About This Artifact
A massive wrought iron hinge was recovered from the Smith's Cove area by Gary Drayton during Season 6 excavations. The hinge was found more than six feet below the seabed, beneath the slipway structure that treasure hunter Gilbert Hedden had first discovered in 1936. It featured what appeared to be a square hole, and its scale was substantially larger than domestic or everyday hardware, indicating it came from a heavy door, gate, or large structural panel.
Marty Lagina, Alex Lagina, and Doug Crowell brought the hinge to blacksmithing expert Carmen Legge at the Ross Farm Museum. Carmen concluded the hinge was the oldest piece in the Smith's Cove collection, dating it to the early 1600s and noting it predated the Money Pit's discovery in 1795 by nearly two centuries. He determined that the hinge had held something substantial, at least two to two-and-a-half inches thick. At the Mug and Anchor pub in Mahone Bay, the team discussed Carmen's findings and grew increasingly confident that the slipway and its associated artefacts were the work of the original depositors rather than later searchers.

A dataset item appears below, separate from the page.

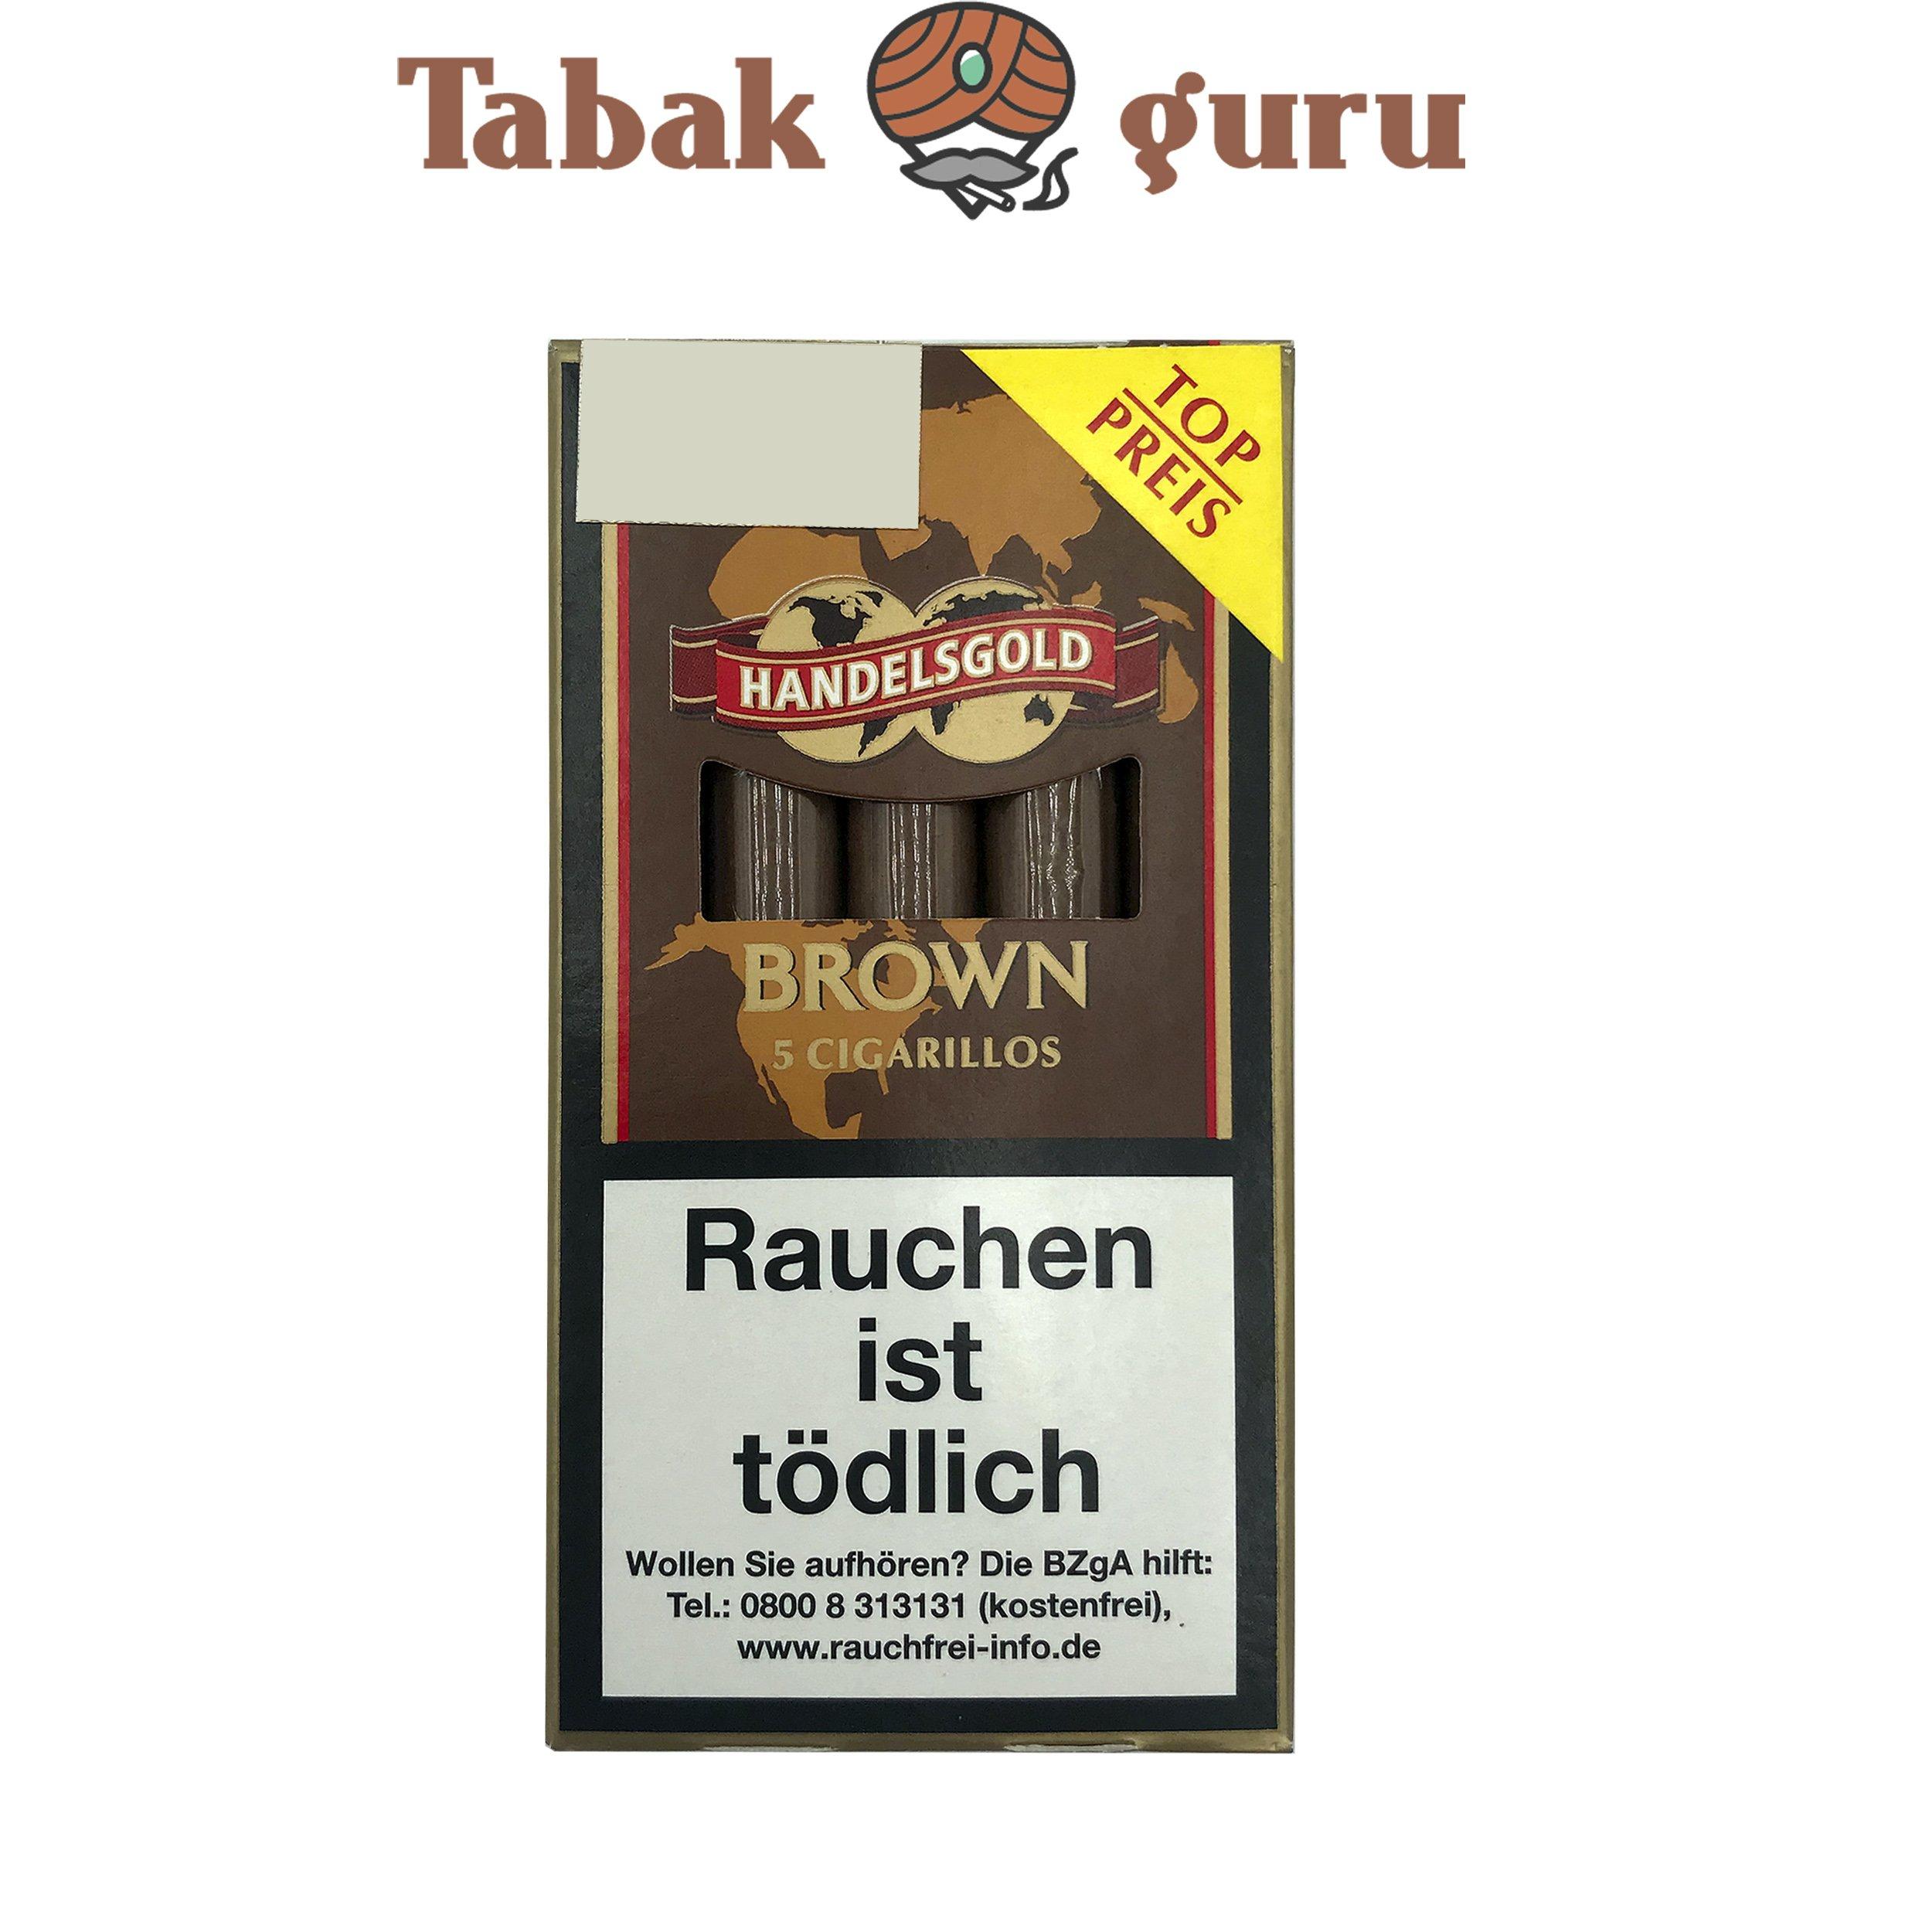 Handelsgold Brown No. 204 Filterzigarillos a 5 Stück
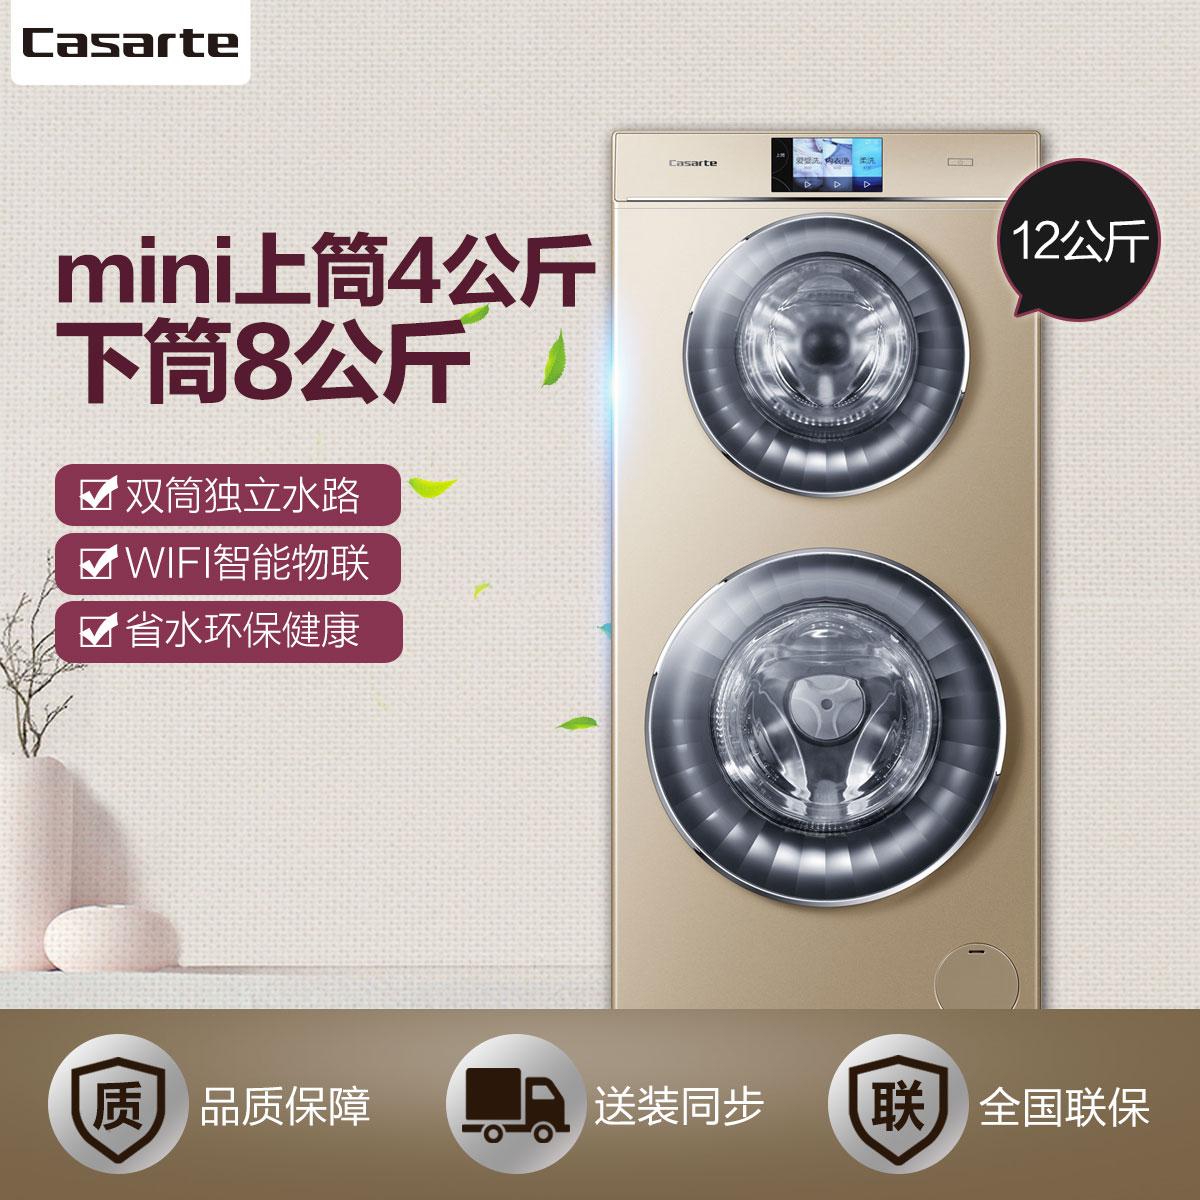 Casarte/卡萨帝 滚筒洗衣机 C8 U12G1

A hinge of this size in the Smith's Cove context has been connected by researchers to the flood tunnel system, where large fitted panels or gates could have been used to control water flow during the original construction phase. The concrete wall discovered nearby in the same season contained two rubber tubes embedded in its base, a configuration consistent with a valve or flow-control mechanism. No physical gate or door frame has been found in association with the hinge. A smaller handwrought iron hinge was later recovered from borehole 8-A at the wash table during Season 7 at approximately 103 feet in the Shaft Six tunnel, which archaeologist Laird Niven identified as non-mining-related and possibly from a chest.
Historical Context
Gary Drayton; Carmen Legge analysis
Where It Was Found
Found at Smith's Cove — the north shore of Oak Island where the flood tunnel system was discovered.